As many AI execs have pitched before, Quilty’s founders believe that can help “democratize” their industry by giving up-and-coming creatives access to assistive tools — a great Quilty score, perhaps, could be an in with a producer, and a low score might be a sign more revisions are needed. But right now, Quilty is little more than a jumbled mishmash of preexisting AI systems, and the company has yet to prove out that its technology has the taste or analytical abilities to identify a future hit (let alone a proven one).

Founded by film producers Simon Horsman and Daniel Wood, Quilty uses AI to analyze scripts and generate detailed reports about a project’s chances for success. After being fed an unproduced script, Quilty’s tech gives it a score ranging from 0 to 100 that reflects the quality of the would-be project’s narrative, its commercial viability, whether it will resonate with audiences, and how much the production would likely cost. The platform is selling the idea that it can give users a glimpse into the future as they try to get their films / movies greenlit. Horsman and Wood believe that Quilty is poised to become an integral part of how traditional production studios do business.

When I recently sat down with Horsman and Wood, they were adamant about wanting to “keep humans in the loop” rather than fully automating the pre-production process. While first establishing their company, Horsman and Wood solicited feedback from a number of other creatives who often voiced concerns about gen AI’s potential to negatively impact jobs and leave human workers deskilled.

“We agree with a lot of the negative sentiment towards AI, but what we’re trying to do is enable human creativity,” Horsman told me. “Quilty is really about development and giving the users — be they a writer, producer, buyer, financier, or studio execs — as much information as possible to make an informed green light decision.”

Instead of offering users access to a single, bespoke AI model that gives feedback on scripts, Quilty combines a number of widely available AI tools to bring different kinds of analyses to the process. All users have to do is upload their text scripts to the platform, and a few minutes later, it spits out a report that details things like an estimated budget, outlines of important story beats, and character analyses. The service costs $50 per individual analysis, but you can also purchase multiple analyses at a discounted rate.

The idea for this kind of piecemeal analytical workflow first came to Wood — who also serves as Quilty’s CTO — a few years back when he was being sued over a real estate matter. Rather than spending money on an attorney, Wood fired up ChatGPT, which promptly told him “I’m not a lawyer; go find someone else to help you.”

“Then I went to Gemini, which worked a lot better for a while, because I had a larger context window,” Wood recounted. “But then I was on X, and saw stupid Elon Musk talking about Grok getting the best lawyer score ever for an AI model, and I was like, ‘Let me check that out.’” (Wood did not detail how that legal dispute worked out.)

“When Claude Mythos comes out, all of a sudden, my whole software gets better”

The experience left Wood with a better understanding of how similar consumer-grade AI models can excel at different tasks. And Wood’s personal use of AI has informed Quilty’s approach to quantifying a script’s potential success. Because “Gemini is fantastic for structure and patterns,” Quilty uses that tool to help generate breakdowns — documents that distill all of a film or show’s production elements into comprehensive lists. For financial modeling, the company puts its faith in an instance of DeepSeek that’s hosted on servers located in the US. And for narrative / character analysis, Quilty uses a combination of Claude and ChatGPT.

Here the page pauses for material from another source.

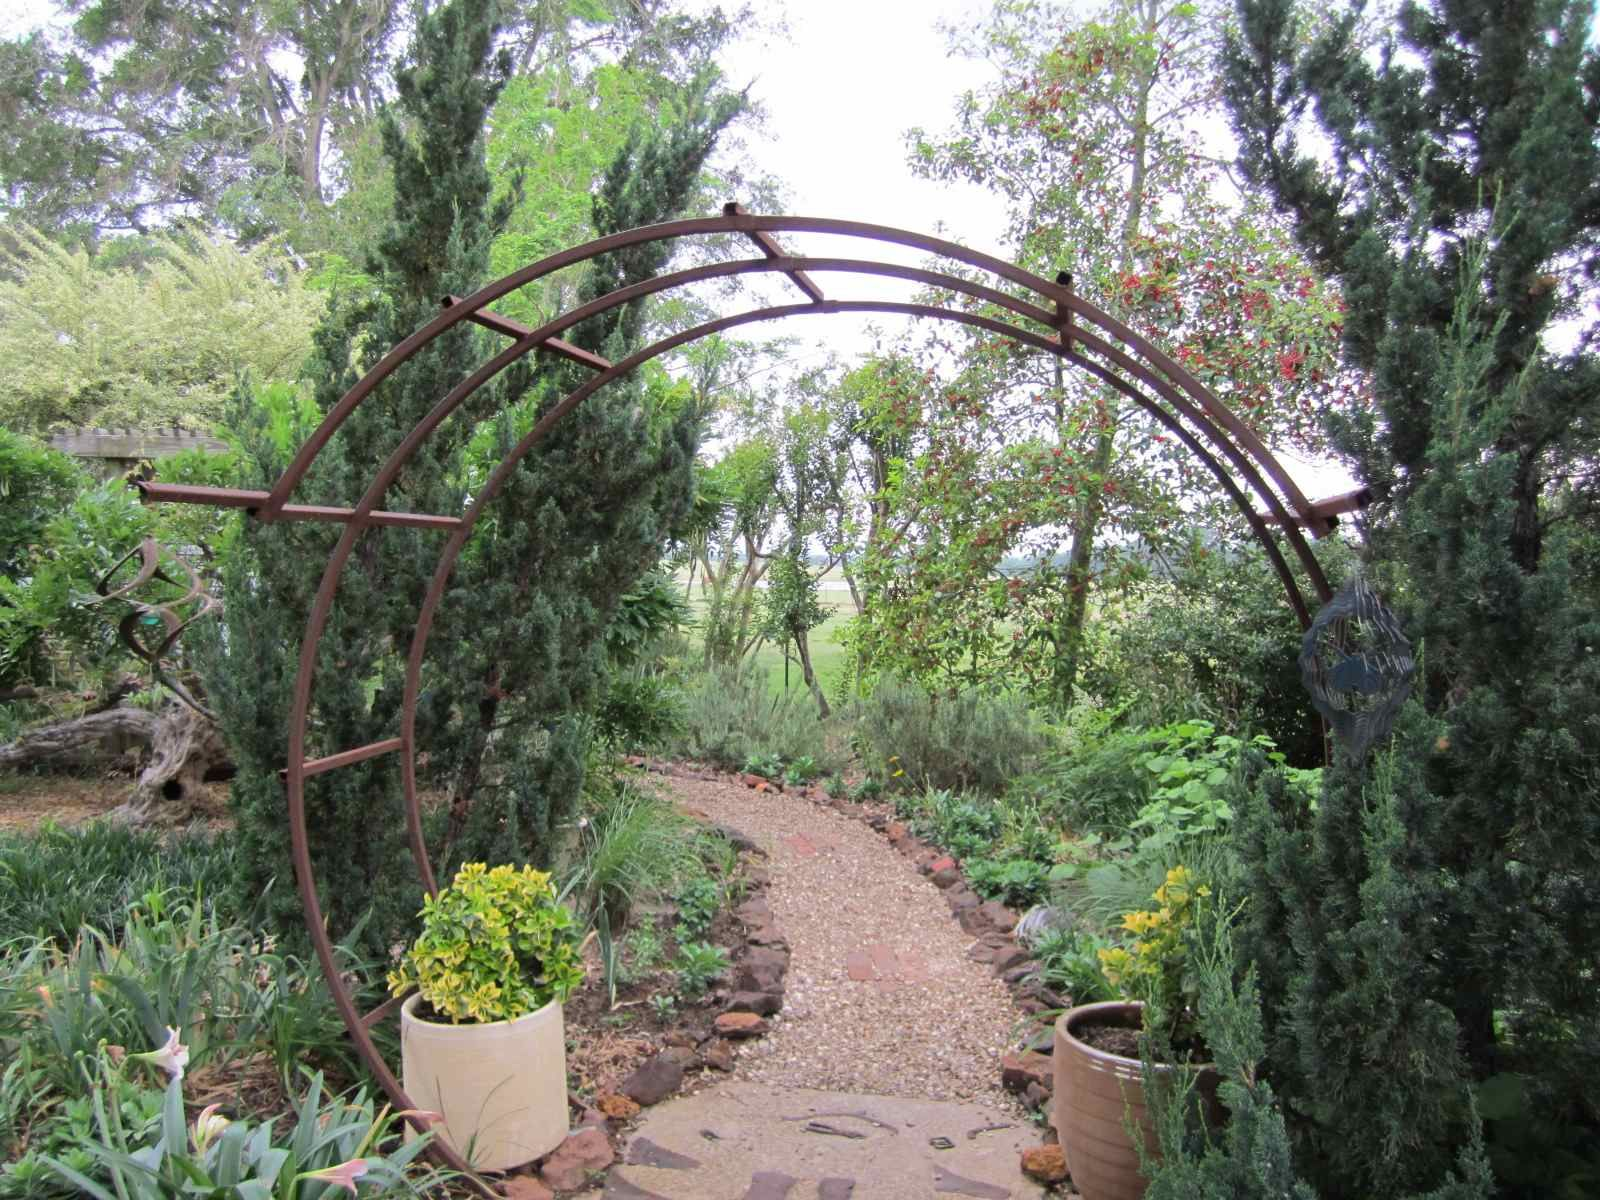 handcrafted slate feeder peanut bird wooden tom garden welland products chambers wellend

Wood told me that the company relies on context prompting — a process in which you provide additional contextual data — in order to generate quality outputs that aren’t filled with hallucinations. Quilty doesn’t personally train any of the models it uses to create film reports / scores. But Wood insisted that it was a strength rather than a weakness because it makes it easier for Quilty to incorporate new and improved models into its workflow as they become available to the public.

“When Claude Mythos comes out and I can see that it’s a better LLM, all of a sudden, my whole software gets better,” Wood said, referring to the powerful new model that’s only available to a small group of organizations for cybersecurity purposes. “If some Chinese models suddenly become better than all these US frontier models, why wouldn’t I just use those instead?”

Though the modularity of Quilty’s tech stack might make it more agile in terms of overall updates, it also makes it somewhat harder to fully understand how the platform takes a script and comes up with a bevy of metrics that purportedly measure intangible things like how an audience might react to a movie that doesn’t actually exist yet. Prediction has been a key part of film development since the birth of Hollywood, but that labor has traditionally been performed by human workers who have a nuanced understanding of audiences.

No AI firm has been able to develop a model that can truly replicate human thought processes or the imprecise way we form opinions about art. But Quilty’s founders think that their “sentiment engine” is the next-best thing when it comes to assessing scripts because of the way it incorporates tools like VADER (Valence Aware Dictionary and sEntiment Reasoner) — open-source software that measures the degree to which text comes across as positive versus negative.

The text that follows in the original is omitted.